Why do you compare performance of the RaspBerry Pi to performance of the BeagleBone Black?
The two boxes are *very* different.


----------



## gustopn (Jun 15, 2015)

bthomson said:


> Not sure if it's related to your issue, but there's a setting I usually add: `hw.bcm2835.sdhci.hs="0"` in /boot/loader.conf. Apparently that disables "high speed" access for the SD card and often helps prevent filesystem corruption, or at least it did last year when I looked into the issue because my Pi was always screwing up.


Yes, it seemed to helped a lot, I am now running a littler bit faster, however, I need to test it further, but it looks like a step into the right direction.

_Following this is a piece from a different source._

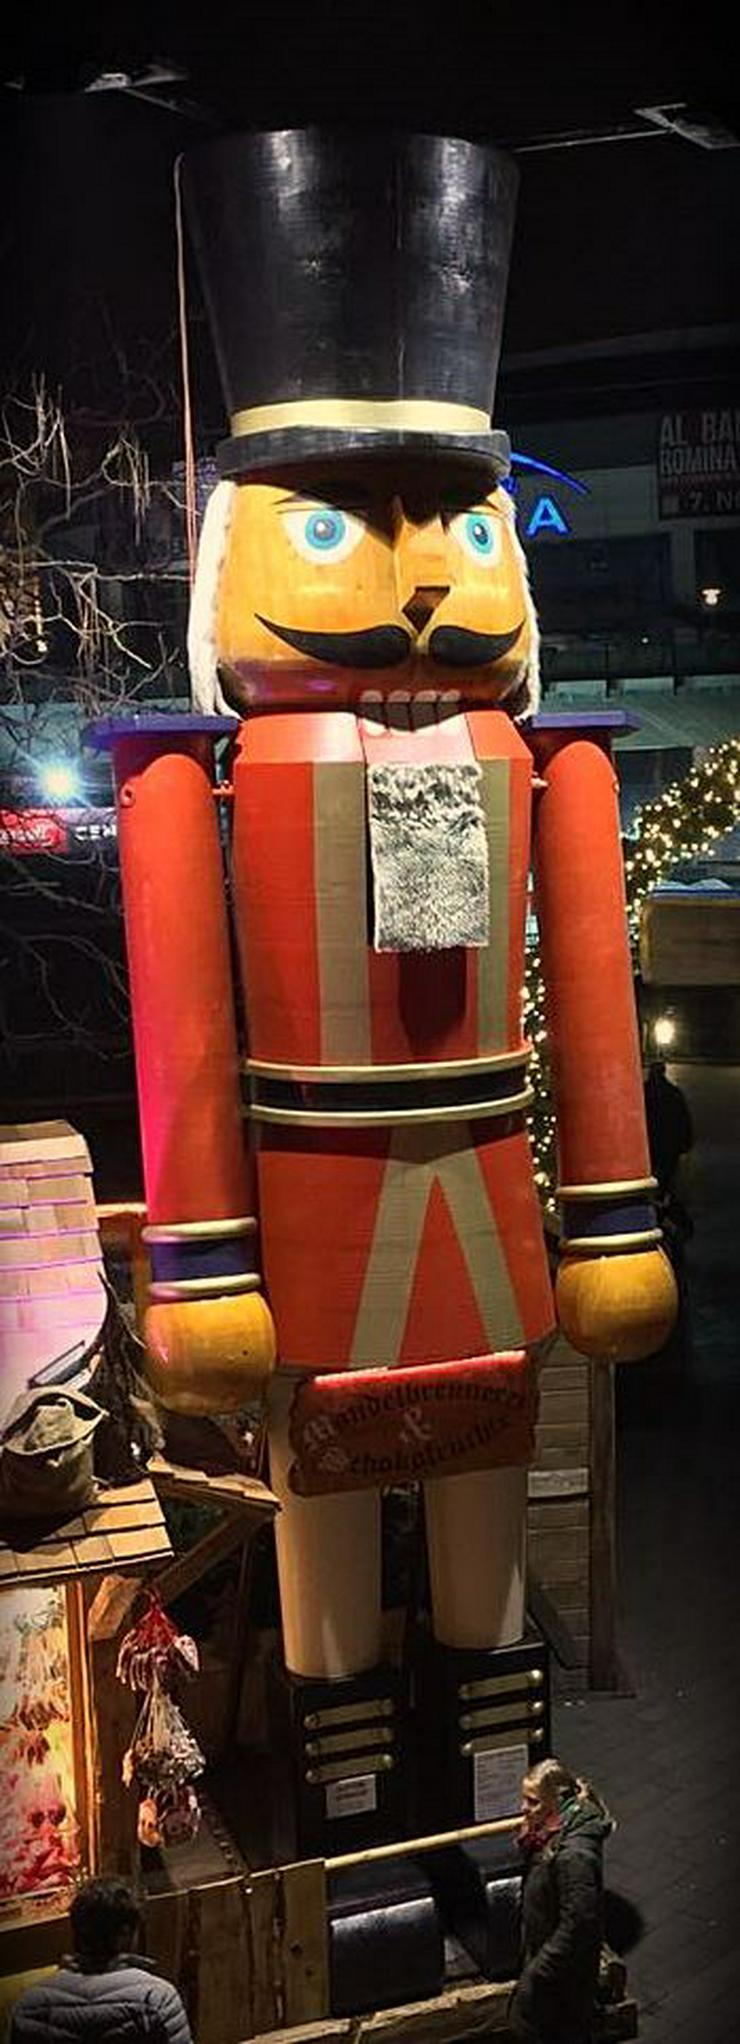 Riesen Nussknacker Figur grosse Holzfigur groß Nußknackerfigur Weihnachtsfeier - Weihnachtsmarkt - Firmenfeier - Theater - Kulisse Eventausstattung

I did not know that there was a parameter like this, because in sysctl it did not show up.
UPDATE: OK, I can confirm write data rates up to 7200 kB/s which is about 20x faster than before, after disabeling that hs mode.


----------



## gustopn (Jun 15, 2015)

tingo said:


> Why do you compare performance of the RaspBerry Pi to performance of the BeagleBone Black?
> The two boxes are *very* different.


Difference only in Raspberry Pi being Broadcom and Beagle Bone Black being Texas Instruments. But it works as a comparison, when Raspberry Pi works fine writing on card, then it is the Broadcom (or its driver) where to look for the problem. Like we just found out, it was the case.


----------